As expected, Mayor Ed Murray announced today a Seattle-only tax package that would buy back 90 percent of bus service reductions financially strapped King County Metro has proposed for in-city routes. The $60 vehicle license fee and tenth of a cent sales tax increase would raise approximately $45 million a year—$42 million to restore and preserve Seattle bus routes, and $3 million towards a “Regional Partnership Fund” intended to attract matching funds from surrounding cities to spend toward preserving intercity commuter routes.
This is of course the same tax package rejected by county voters in Proposition 1 last, relying on the same “transportation benefit district” authority the state grants cities and counties. (I’ve dubbed it Proposition 1.1.) The only real differences between the two measures are that Prop 1 would have spent 40 percent of revenue on roads, whereas Prop 1.1 is dedicated entirely toward transit—and of course that Prop 1.1 will be voted on only in Seattle, where voters overwhelmingly favored Prop 1 by a better than two to one margin.
Murray was prodded into pushing forth his own proposal by a competing initiative to buy back Seattle bus service via a $30 million a year property tax increase. “We are thrilled that Seattle voters will have a chance to vote to preserve their bus service this fall,” initiative sponsor Ben Schiendelman of Friends of Transit replied via email. “With several progressive revenue sources available, we hope the council will take a serious look at all funding options before putting transit on the ballot.”
Schiendelman says that his organization has suspended signature gathering. Mission accomplished.
As for me, I’m agnostic as to the revenue source, as none of the options are great. “It is not ideal,” admitted Seattle City Council member Tom Rasmussen at this morning’s press conference. “We sought a motor vehicle excise tax from the state. They failed us.”
They certainly did.
Murray and others repeatedly stressed that this was just a temporary solution until the legislature grants Metro a viable regional funding option. But I’m not so sure. Given the thrashing Prop 1 took by county voters, I don’t know that a more progressive MVET would have passed either.
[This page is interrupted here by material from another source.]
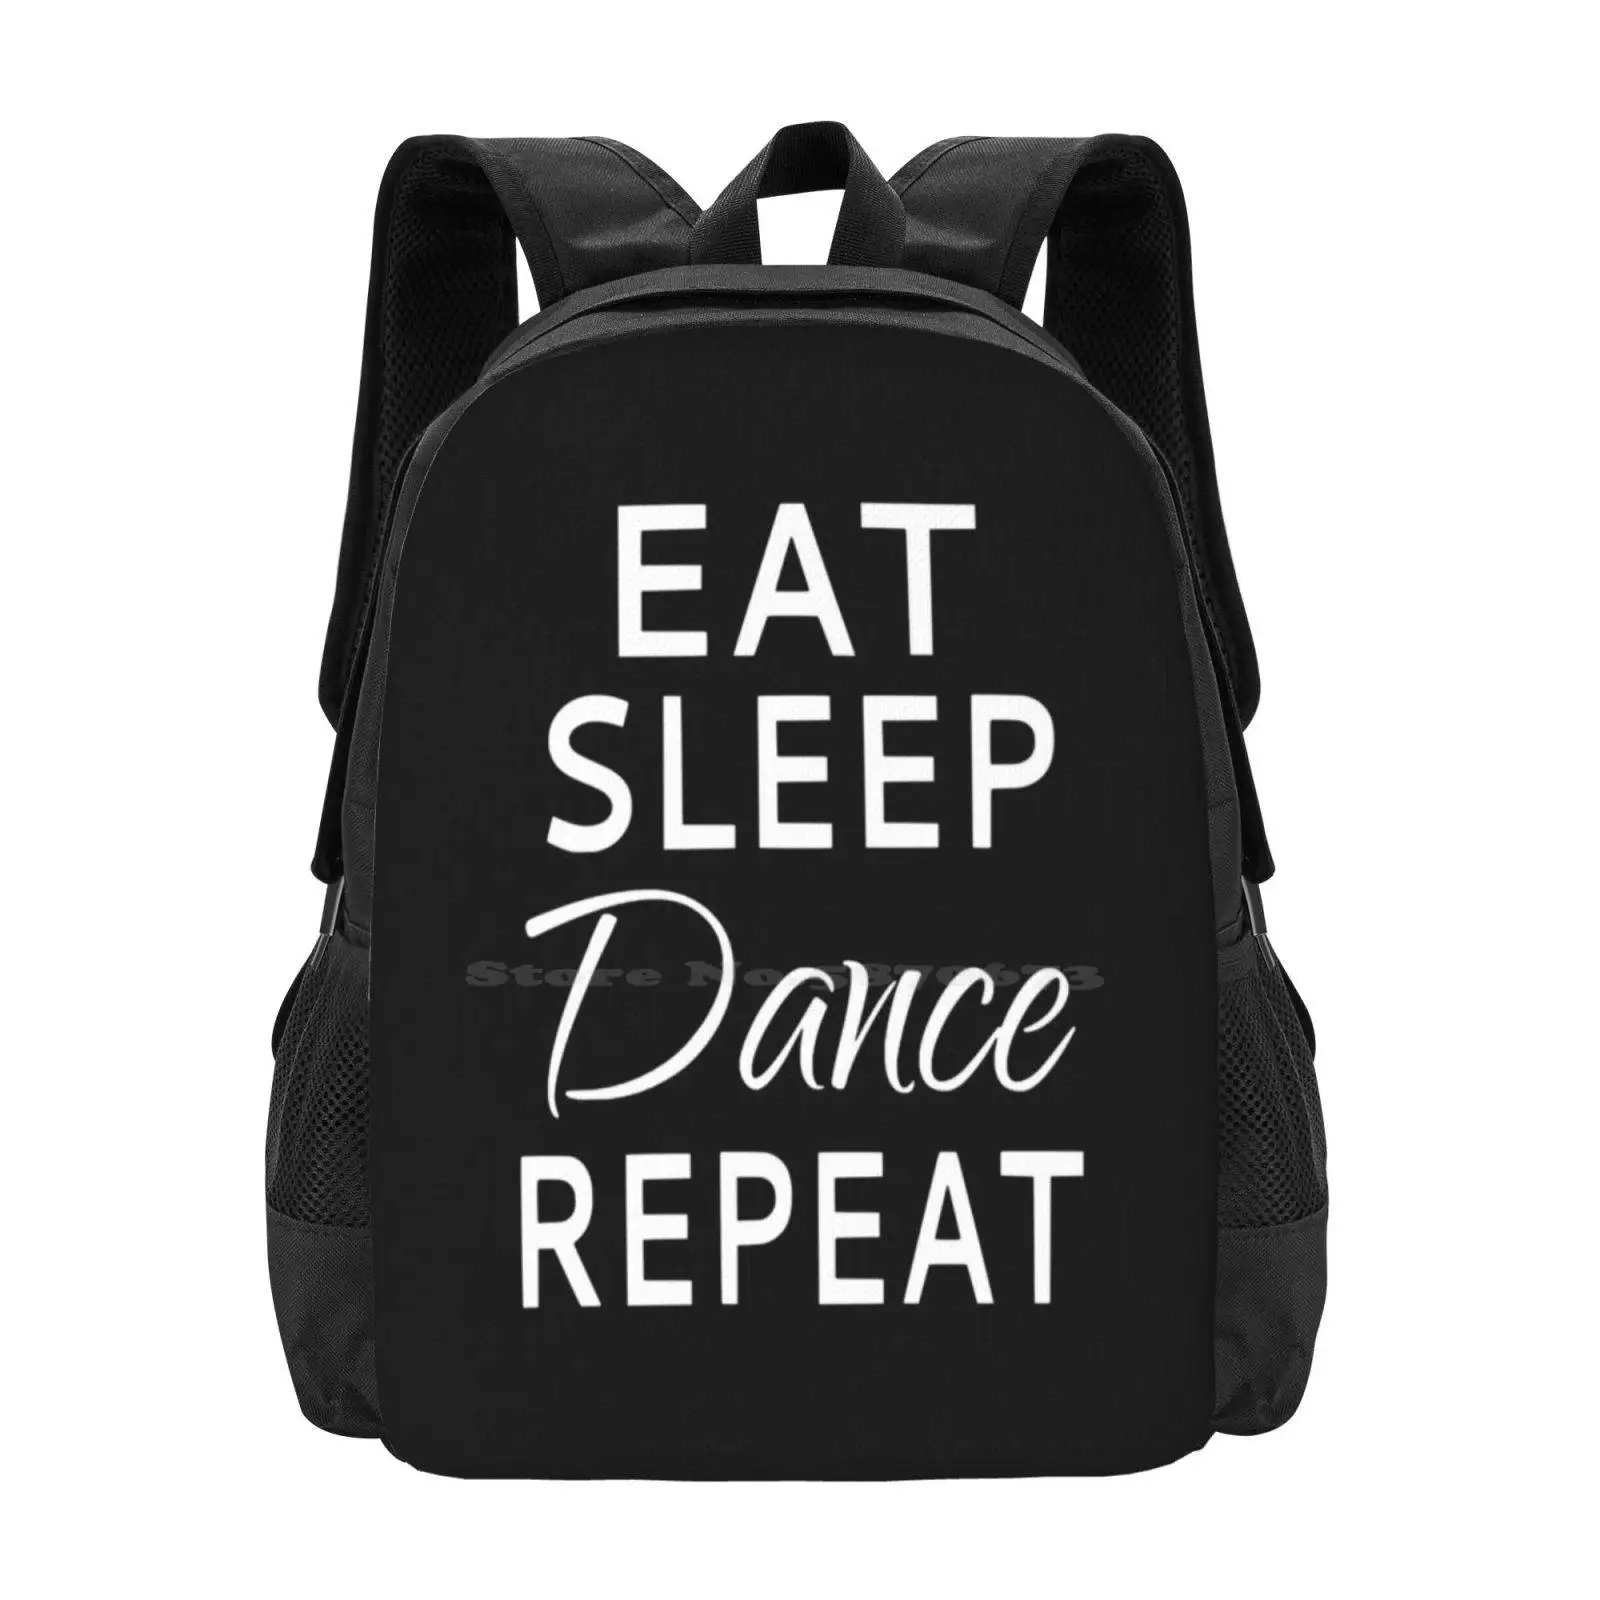 

Eat Sleep Dance Repeat New Arrivals Unisex Bags Student Bag Backpack Sleep Repeat Dancing Dancers Ballet Hip Hop Jazz Tap

And I’m not hopeful that we’ll get MVET authority out of Olympia until the Democrats retake control of the state senate, an iffy prospect this November. “This is really up to voters,” offered state Senator Jamie Pedersen (D-Seattle). Good luck with that.
But the good news is that there appears to be strong support within Seattle from both the electorate and our elected leaders to tax ourselves to maintain crucial bus service. So while the suburbs may suffer, Seattle will attempt to at least take care of its own.
TANGENTIAL ASIDE: What is up with Seattle Times headline writers today? “County, city take variety of routes on bus rescue“…? No, they’ve taken the exact same route: cities buying back bus service hours. Not as bad as the Obamacare headline, but do the headline writers bother reading their own paper?